The bullets are flying in Chicago. In 2012 the Windy City suffered over 500 murders. That's well more than New York City, where the murder rate is at an all-time low. Why is New York safer while Chicago is slowly turning into a war zone? There is strong evidence that the NYPD's practice of stop and frisk is a major component of New York's success. I have a hard time understanding why this program is so controversial.
In high-crime areas the police stop, question and frisk suspicious groups or individuals. This helps make the neighborhood safer because the bad guys are said to leave the guns at home, there is less crime committed and lives are saved. I know this seems like a simplistic view but the facts support the effectiveness of stop and frisk.

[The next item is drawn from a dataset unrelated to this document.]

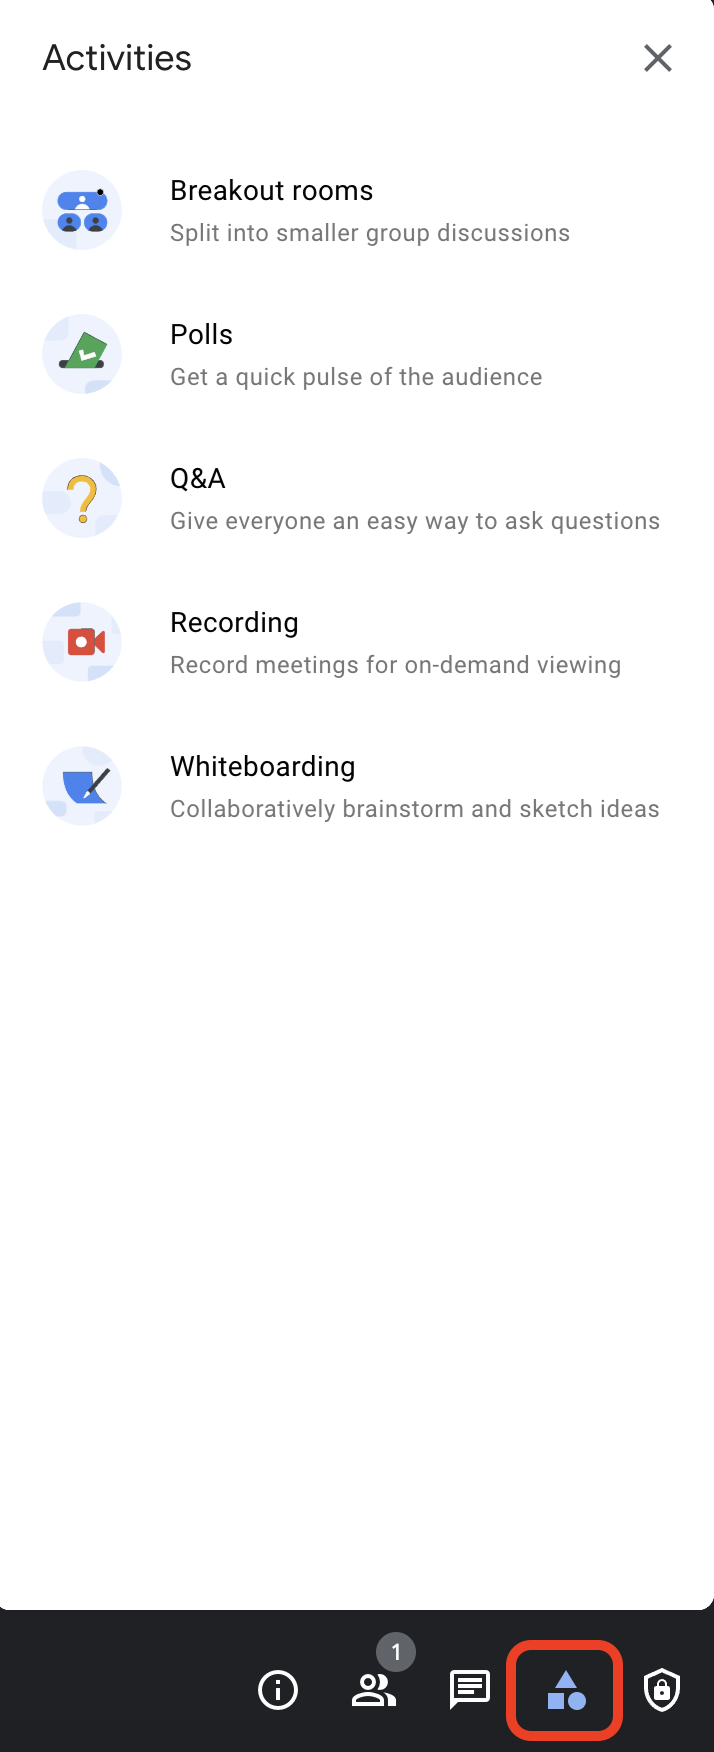 Activities box in Google Meet

This week an opinion piece by New York City Police Commissioner Ray Kelly appeared in the Wall Street Journal. It should be required reading for every New Yorker. Commissioner Kelly credits the stop and frisk program with saving over 7,000 lives since 2002. He calls charges of racial profiling disingenuous and incendiary because "accusations of racial profiling ignore the fact that violent crime overwhelmingly occurs in minority neighborhoods."
There are many who disagree and say innocent people are often randomly targeted. I am sensitive to that. The police commissioner is, too.
Kelly says that he understands that someone who has done nothing wrong will be angry if he or she is stopped. But with more oversight and training civilian complaints last year dropped to the lowest level in five years, and Kelly promises even more improvement.
With the stop and frisk program under attack New Yorkers should be very concerned if the practice is significantly curtailed or neutralized to the point of being ineffective. If we handcuff the NYPD more people will die, the city will not be as safe, the economy will suffer and certainly fewer tourists will visit if we produce Chicago-like headlines.